Grant Skinner’s RegExr in Firefox

Figure 2-1. Grant Skinner’s RegExr in Firefox

Before we go any further, I want to point out the helps that RegExr provides. Over on the right side of RegExr, you’ll see three tabs. Take note of the Samples and Community tabs. The Samples tab provides helps for a lot of regular expression syntax, and the Community tab shows you a large number of contributed regular expressions that have been rated. You’ll find a lot of good information in these tabs that may be useful to you. In addition, pop-ups appear when you hover over the regular expression or target text in RegExr, giving you helpful information. These resources are one of the reasons why RegExr is among my favorite online regex checkers.

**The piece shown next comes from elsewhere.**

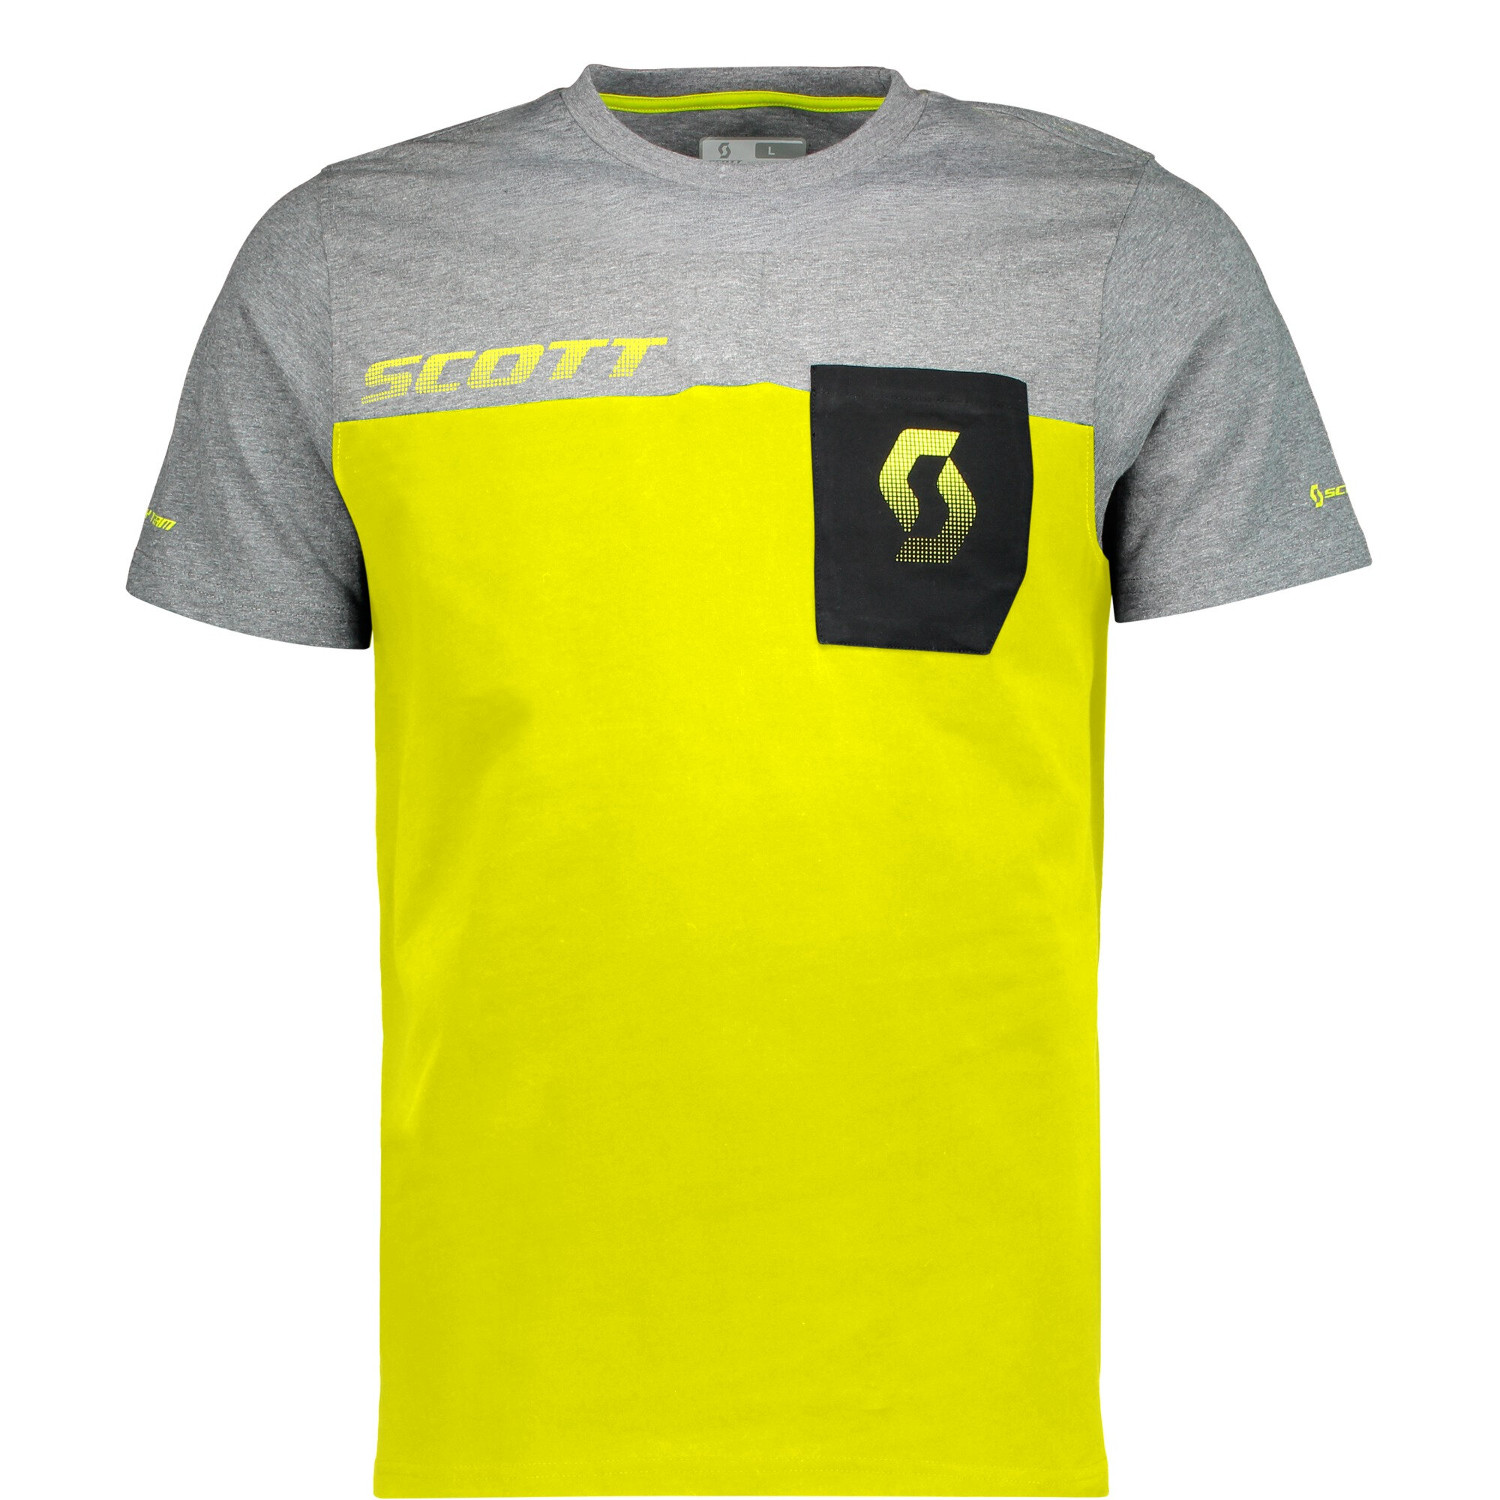 Scott T-Shirt Factory Team CO Sulphur Gelb/Dunkelgrau meliert

This chapter introduces you to our main text, “The Rime of the Ancient Mariner,” by Samuel Taylor Coleridge, first published in Lyrical Ballads (London, J. & A. Arch, 1798). We’ll work with this poem in chapters that follow, starting with a plain-text version of the original and winding up with a version marked up in HTML5. The text for the whole poem is stored in a file called rime.txt; this chapter uses the file rime-intro.txt that contains only the first few lines.

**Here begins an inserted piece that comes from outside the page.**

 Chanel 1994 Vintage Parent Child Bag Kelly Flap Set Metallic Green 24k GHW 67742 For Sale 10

The following lines are from rime-intro.txt:

THE RIME OF THE ANCYENT MARINERE, IN SEVEN PARTS.

ARGUMENT.

How a Ship having passed the Line was driven by Storms to the cold
Country towards the South Pole; and how from thence she made her course
to the tropical Latitude of the Great Pacific Ocean; and of the strange
things that befell; and in what manner the Ancyent Marinere came back to
his own Country.

I.

1      It is an ancyent Marinere,
2        And he stoppeth one of three:
3      "By thy long grey beard and thy glittering eye
4        "Now wherefore stoppest me?

Copy and paste the lines shown here into the lower text box in RegExr. You’ll find the file rime-intro.txt at Github at https://github.com/michaeljamesfitzgerald/Introducing-Regular-Expressions. You’ll also find the same file in the download archive found at http://examples.oreilly.com/9781449392680/examples.zip. You can also find the text online at Project Gutenberg, but without the numbered lines (see http://www.gutenberg.org/ebooks/9622).

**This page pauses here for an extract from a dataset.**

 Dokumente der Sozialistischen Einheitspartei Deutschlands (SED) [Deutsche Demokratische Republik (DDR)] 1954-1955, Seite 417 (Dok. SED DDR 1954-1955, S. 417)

The most outright, obvious feature of regular expressions is matching strings with one or more literal characters, called string literals or just literals.

The way to match literal strings is with normal, literal characters. Sounds familiar, doesn’t it? This is similar to the way you might do a search in a word processing program or when submitting a keyword to a search engine. When you search for a string of text, character for character, you are searching with a string literal.

If you want to match the word Ship, for example, which is a word (string of characters) you’ll find early in the poem, just type the word Ship in the box at the top of Regexpal, and then the word will be highlighted in the lower text box. (Be sure to capitalize the word.)

Did light blue highlighting show up below? You should be able to see the highlighting in the lower box. If you can’t see it, check what you typed again.

In the top-left text box in RegExr, enter this character shorthand to match the digits:

\d

This matches all the Arabic digits in the text area below because the global checkbox is selected. Uncheck that checkbox, and \d will match only the first occurrence of a digit. (See Figure 2-2.)

Now in place of \d use a character class that matches the same thing. Enter the following range of digits in the top text box of RegExr:

[0-9]

As you can see in Figure 2-3, though the syntax is different, using \d does the same thing as [0-9].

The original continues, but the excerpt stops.